Exercise prompt: Quote the listing below in full and exactly as written, but omit every picture.

Material provided:
------------------------------------------------------------
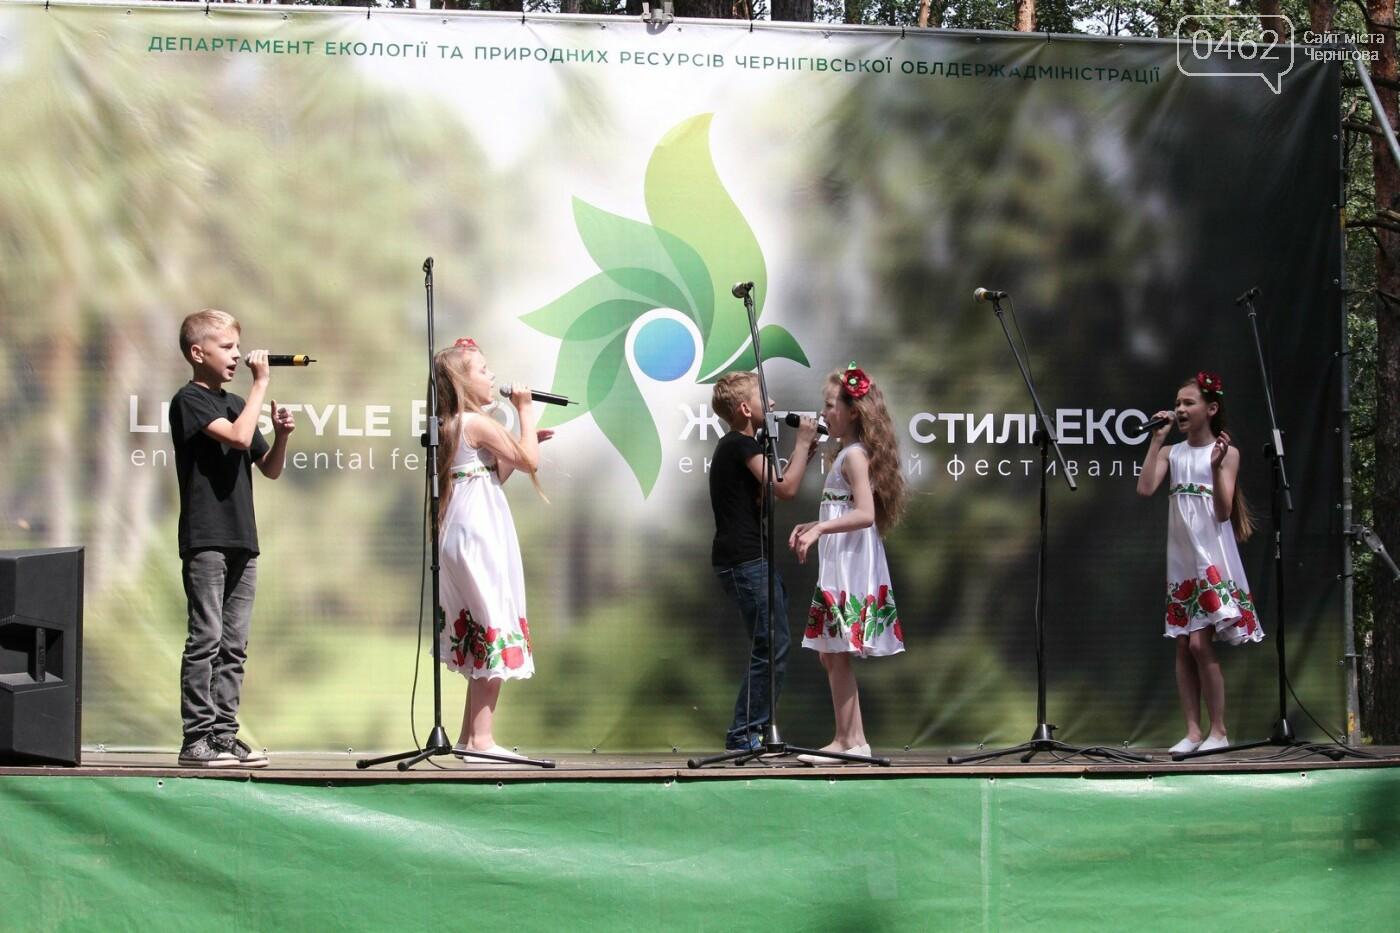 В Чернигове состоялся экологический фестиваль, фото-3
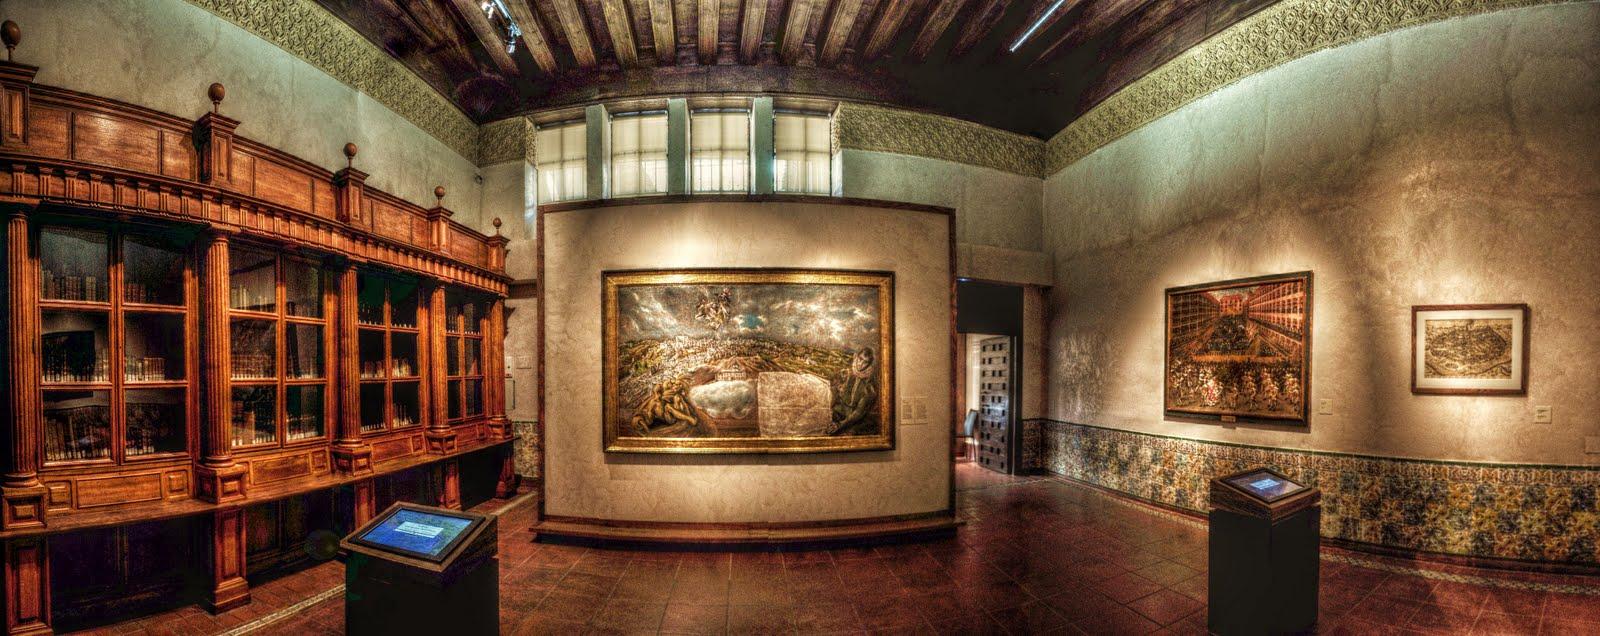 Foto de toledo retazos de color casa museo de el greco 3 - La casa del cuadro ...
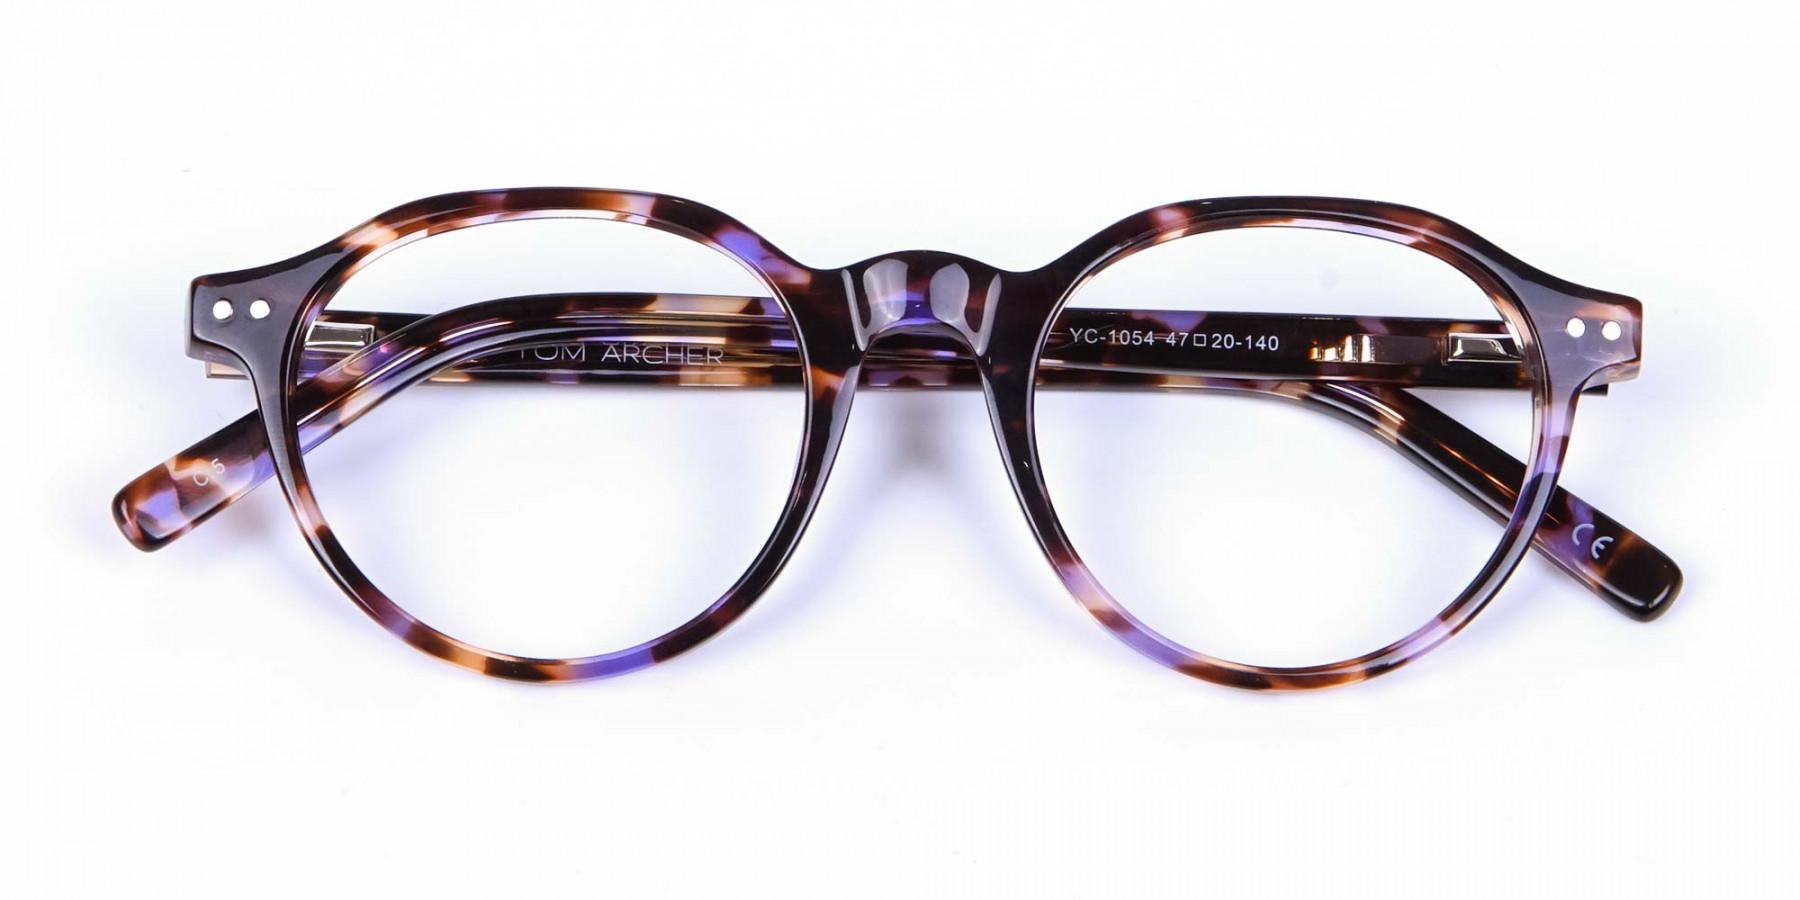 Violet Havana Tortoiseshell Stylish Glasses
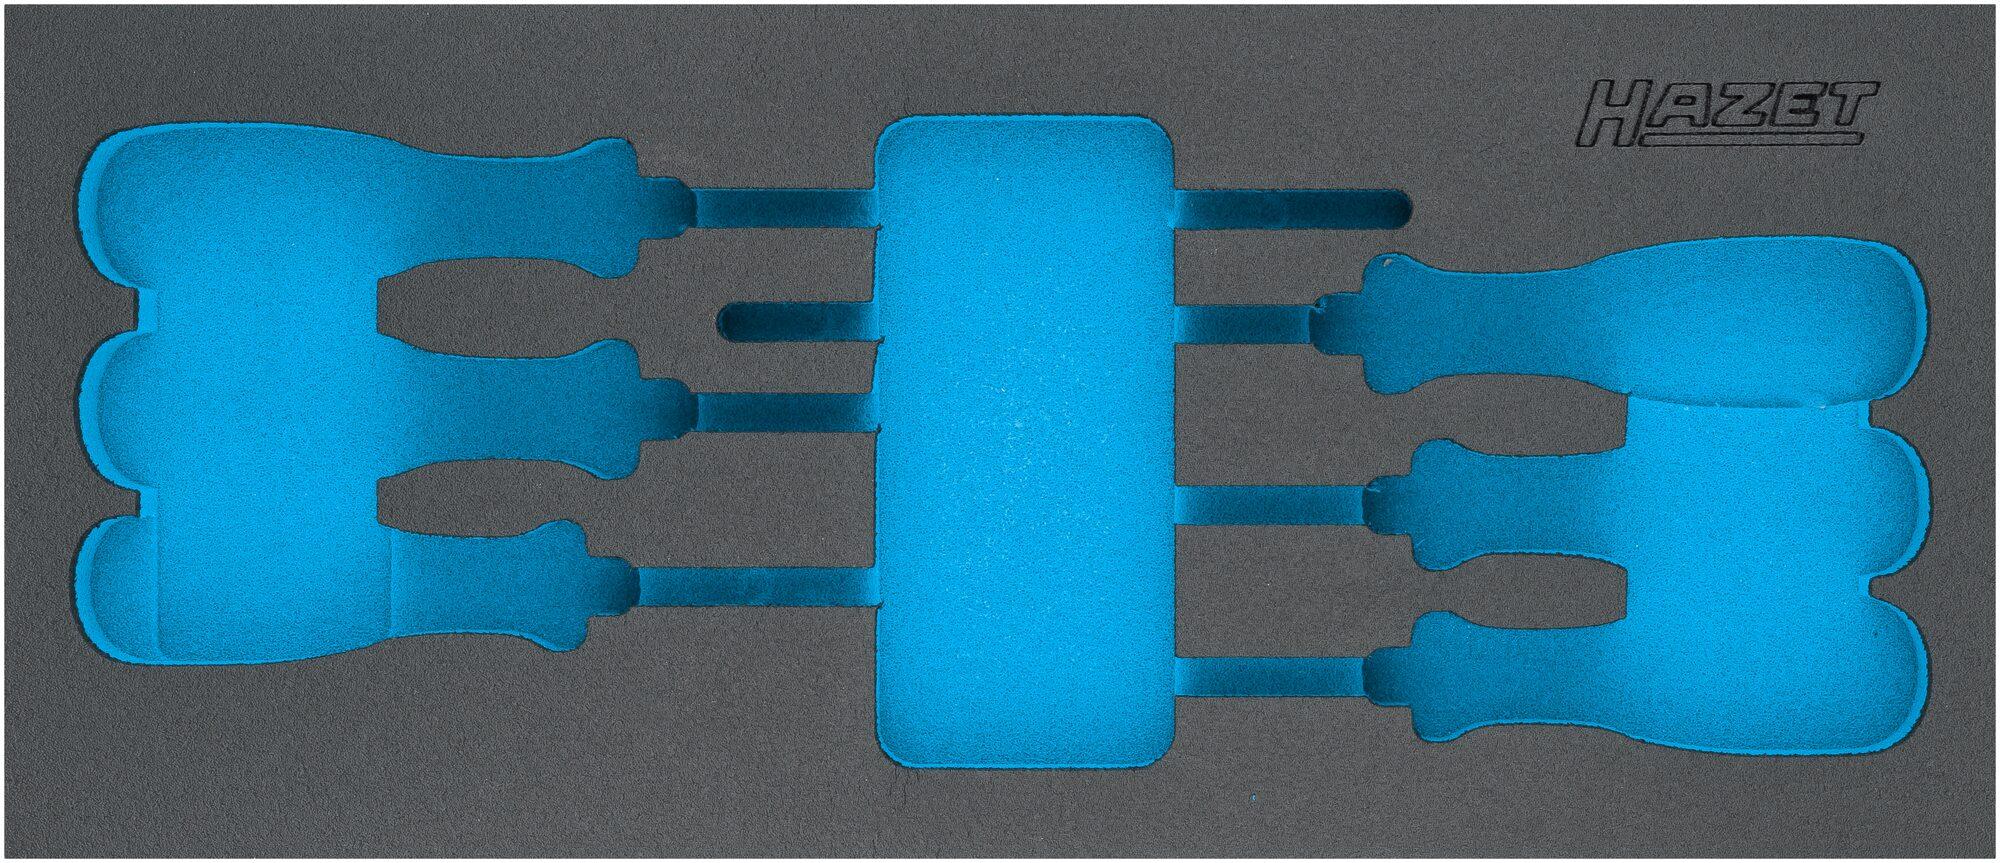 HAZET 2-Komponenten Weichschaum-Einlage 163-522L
------------------------------------------------------------
Exercise solution:
 В Чернигове состоялся экологический фестиваль, фото-3
 Foto de toledo retazos de color casa museo de el greco 3 - La casa del cuadro ...
 Violet Havana Tortoiseshell Stylish Glasses
 HAZET 2-Komponenten Weichschaum-Einlage 163-522L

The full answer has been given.